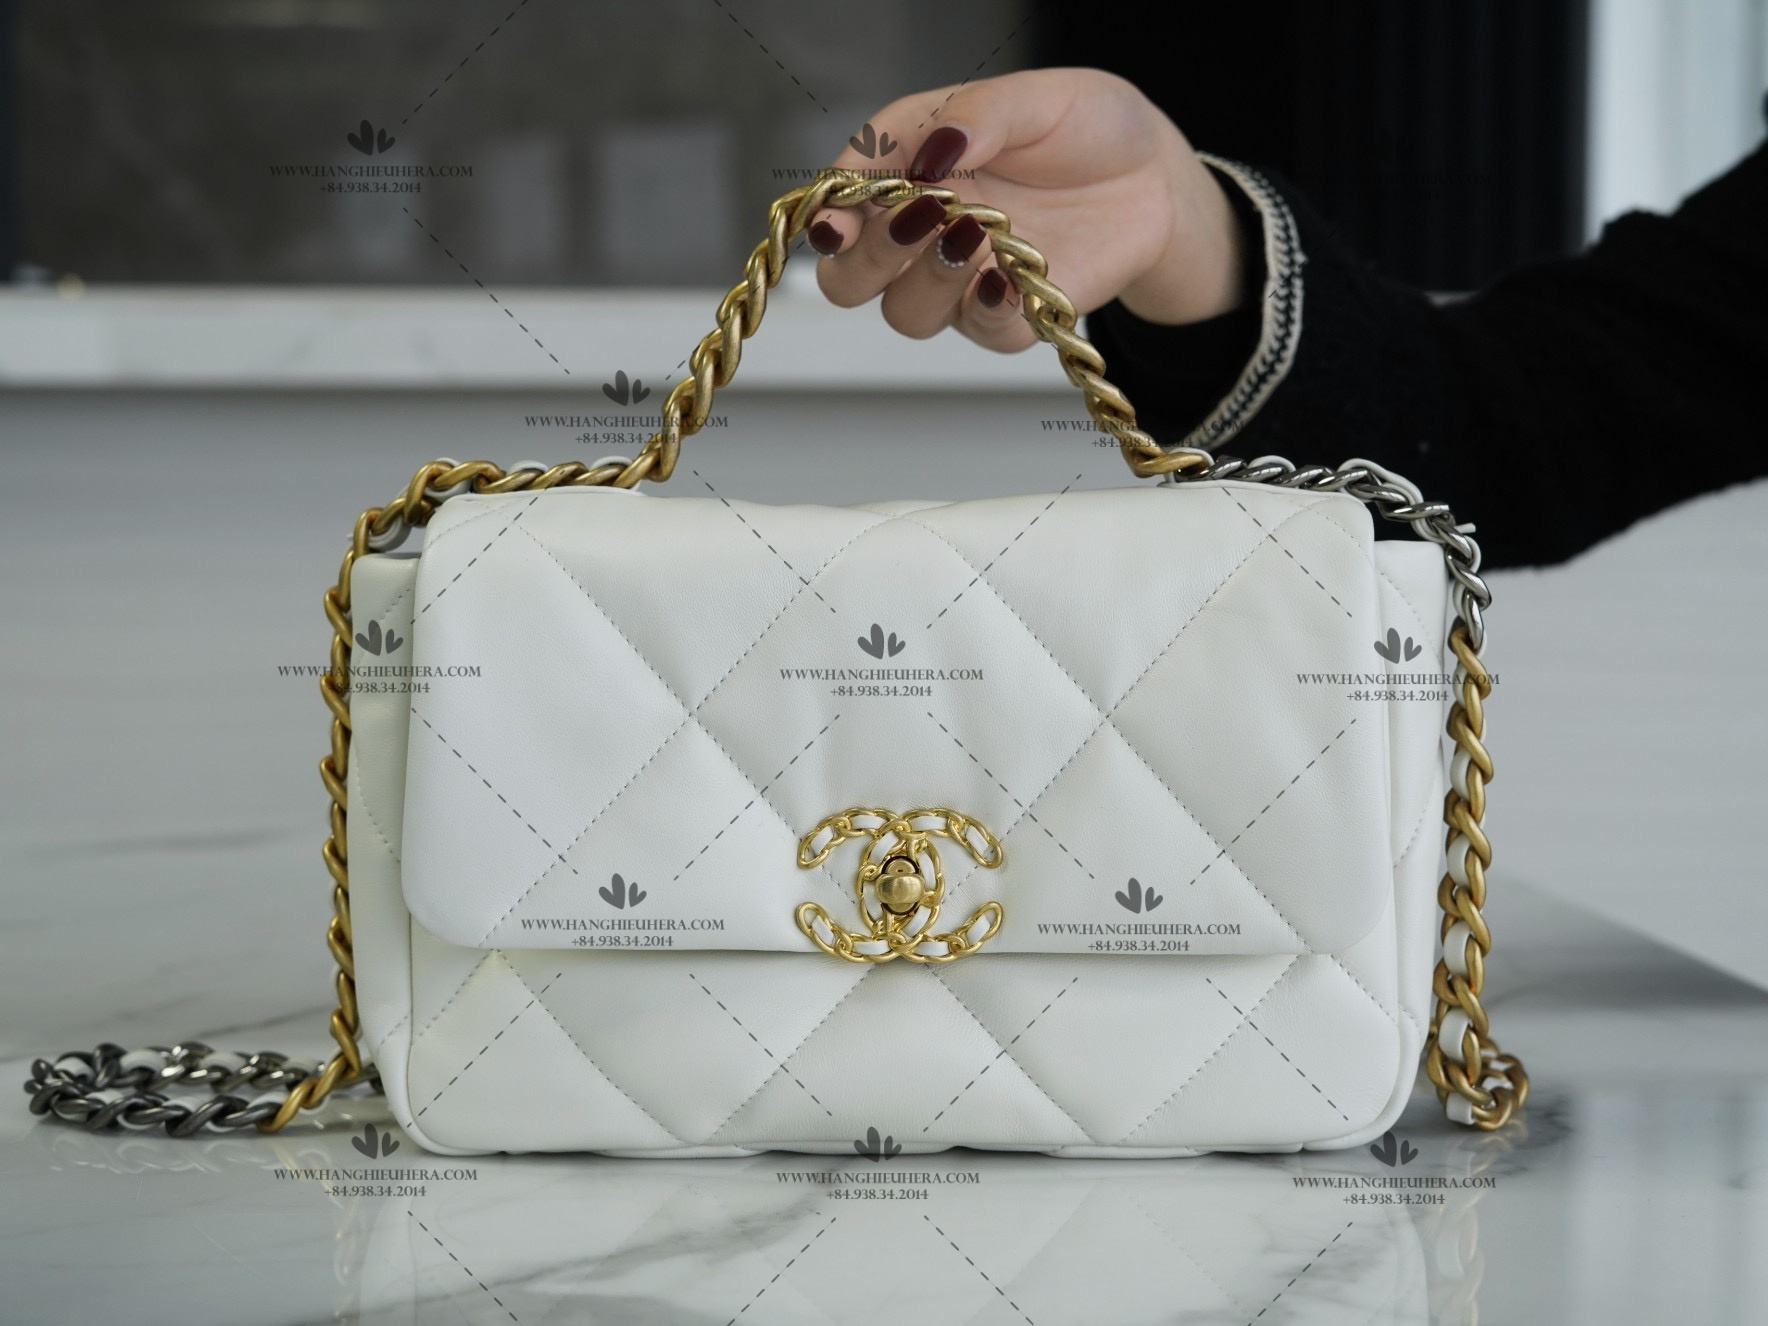 Goatskin GoldTone SilverTone  RutheniumFinish Metal White CHANEL 19  Large Flap Bag  CHANEL  Bags Chanel bag Chanel 19 bag
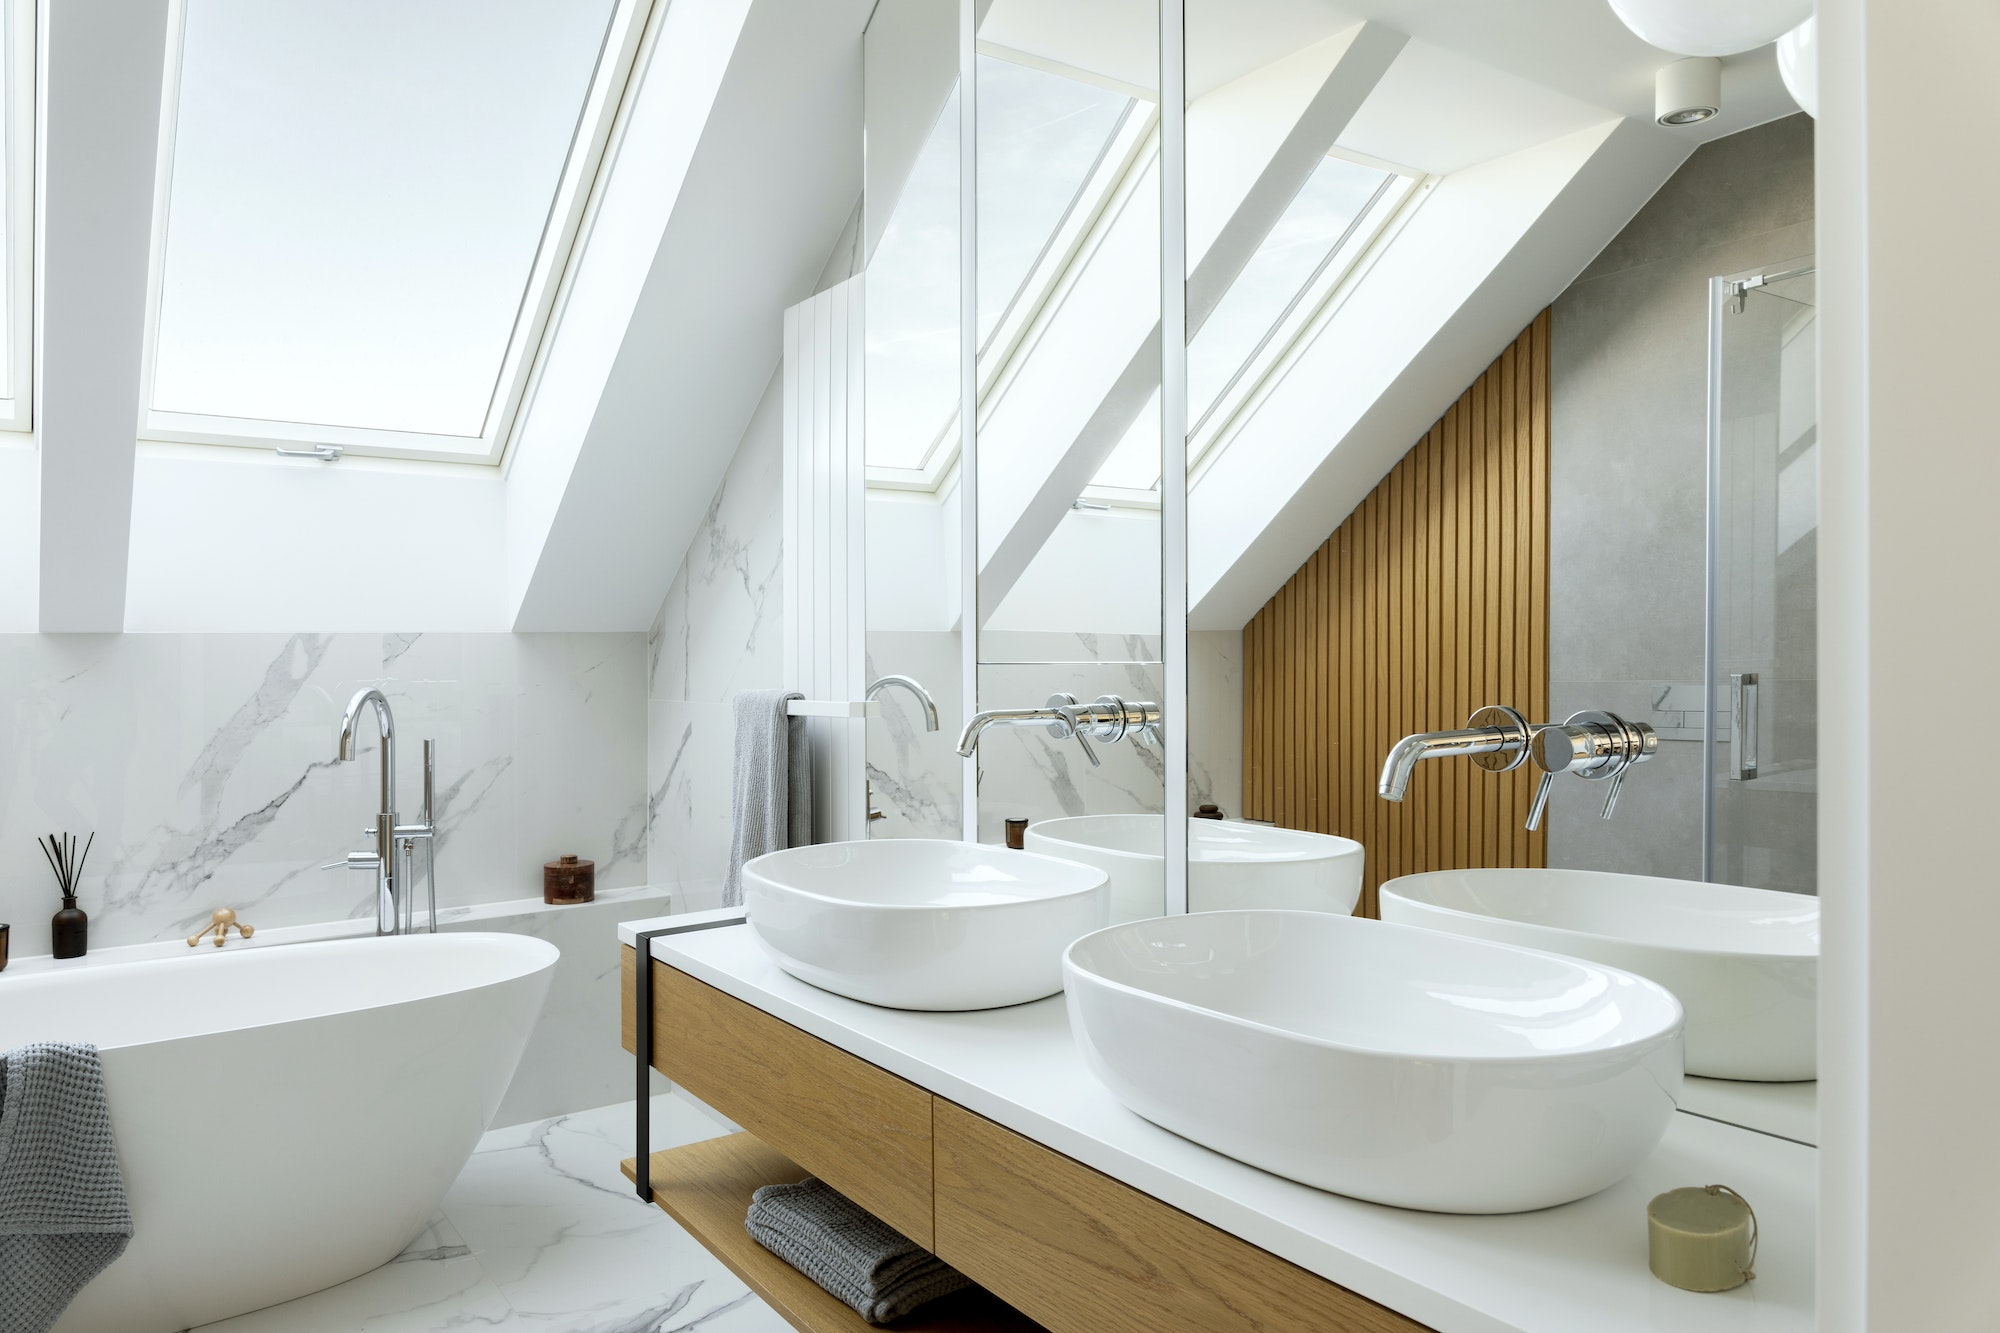 Stylish bathroom interior design
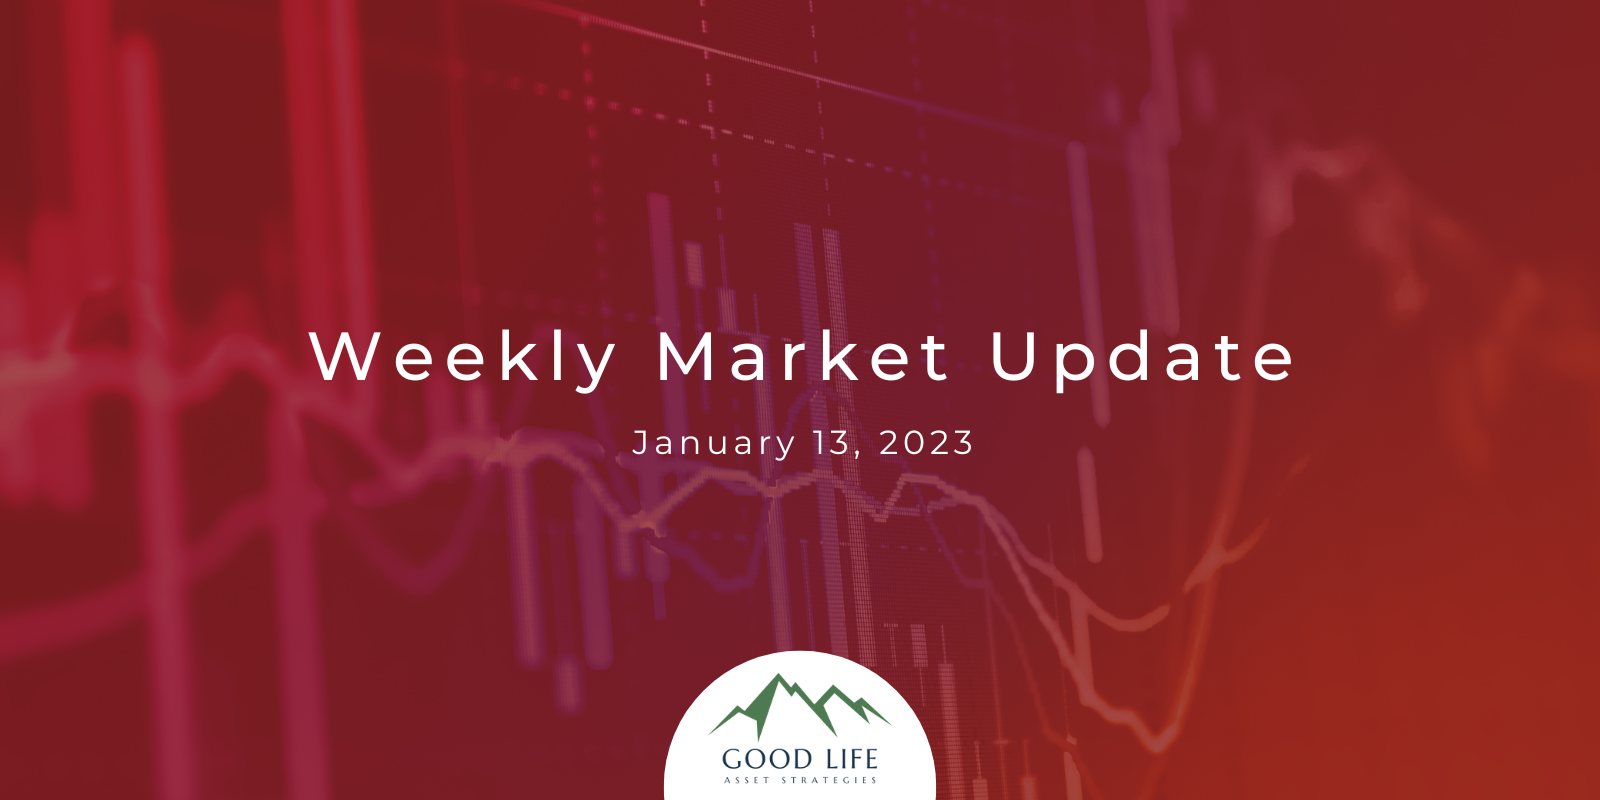 Bear market rally Weekly Market Update January 13, 2023
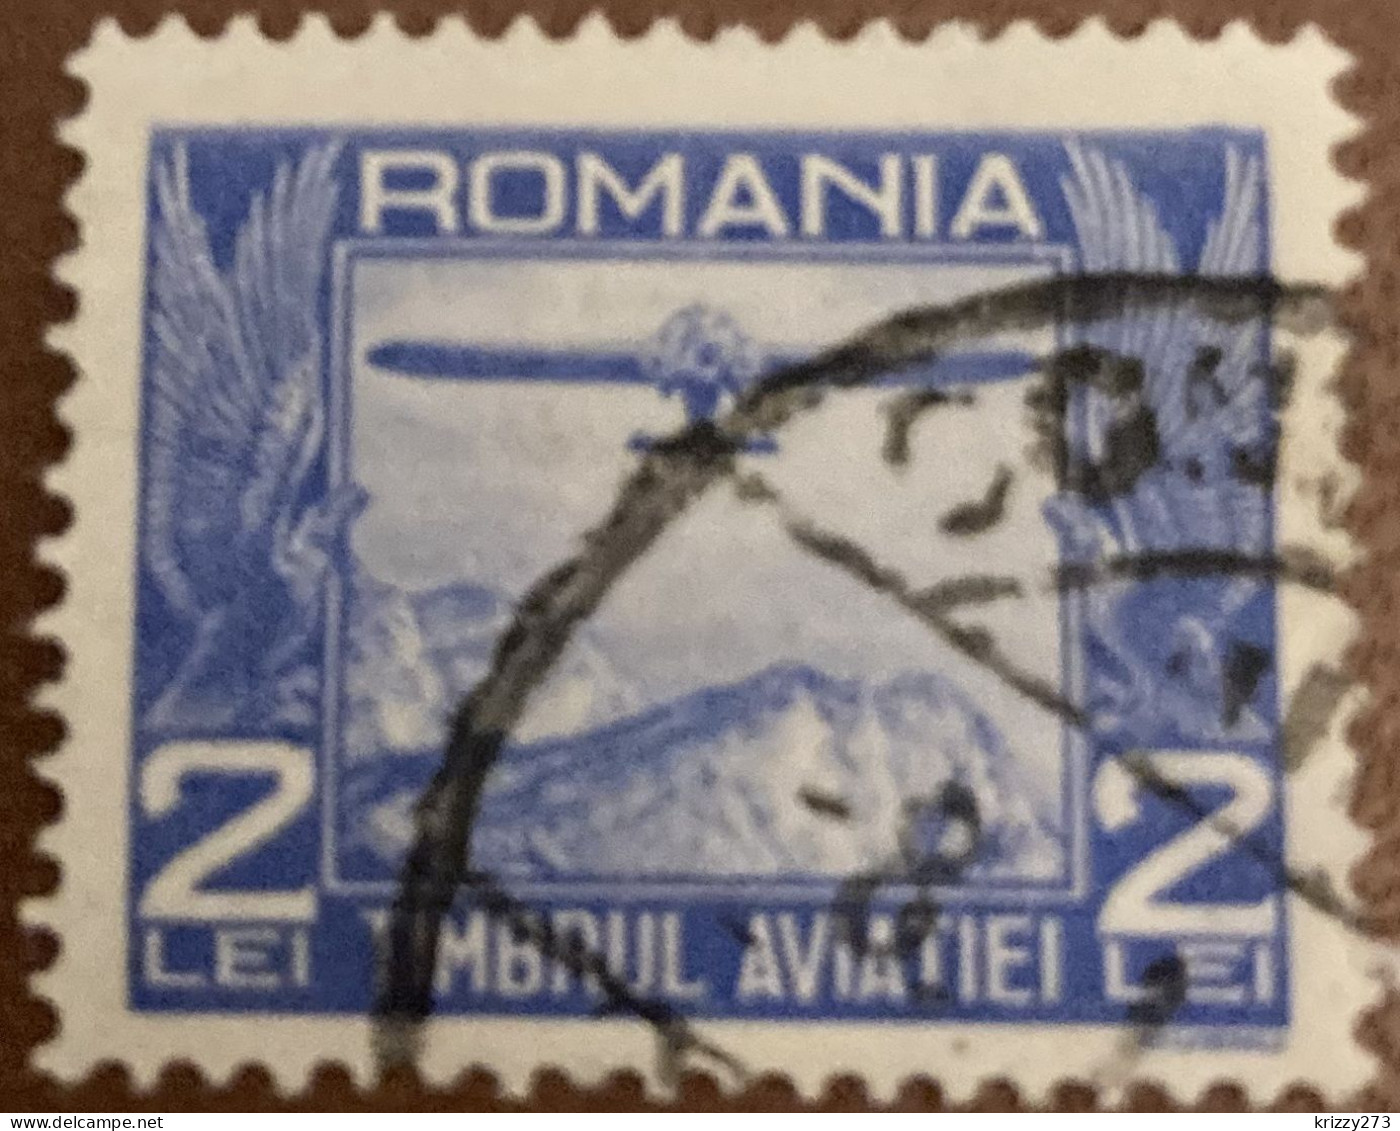 Romania 1931 National Fund Aviation 2L - Used - Steuermarken
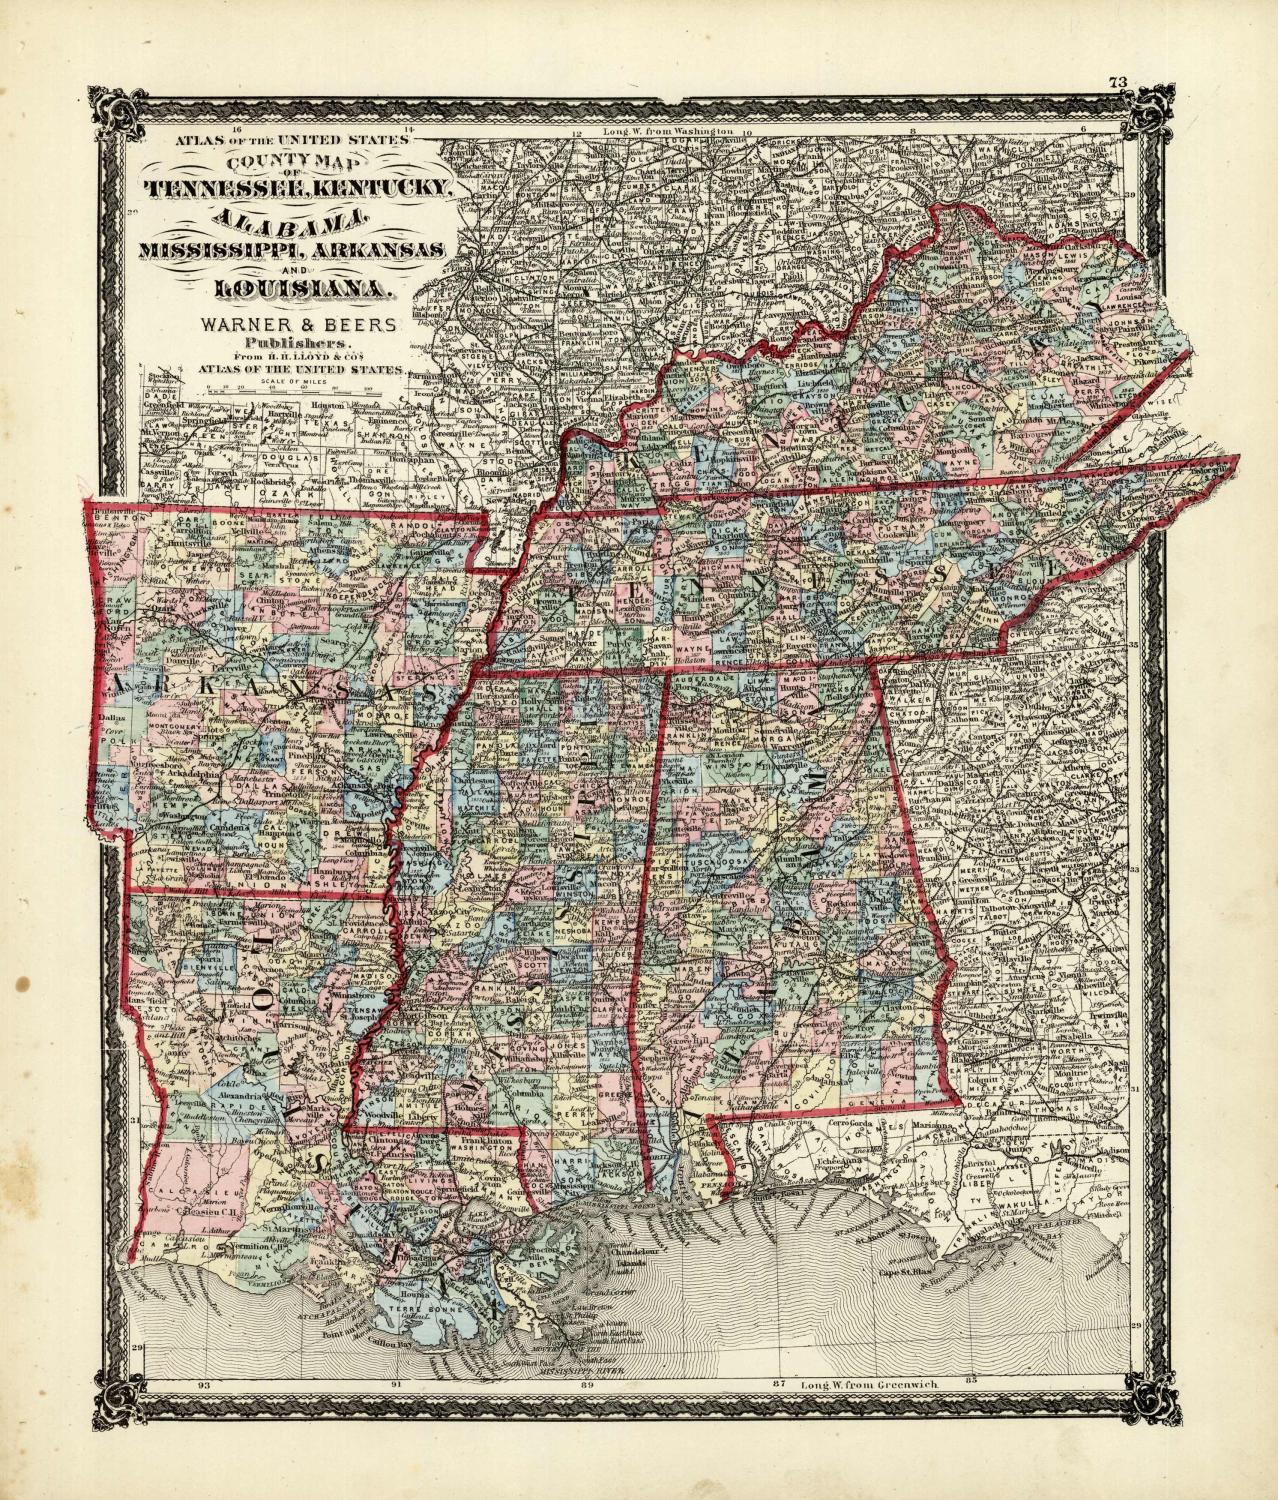 County Map of Louisiana, Mississippi, and Arkansas - Art Source  International
━━━━━━━━
Give the listing again word for word, but drop every picture.

 Goatskin GoldTone SilverTone  RutheniumFinish Metal White CHANEL 19  Large Flap Bag  CHANEL  Bags Chanel bag Chanel 19 bag
 Stylish bathroom interior design
 Bear market rally Weekly Market Update January 13, 2023
 Romania 1931 National Fund Aviation 2L - Used - Steuermarken
 County Map of Louisiana, Mississippi, and Arkansas - Art Source  International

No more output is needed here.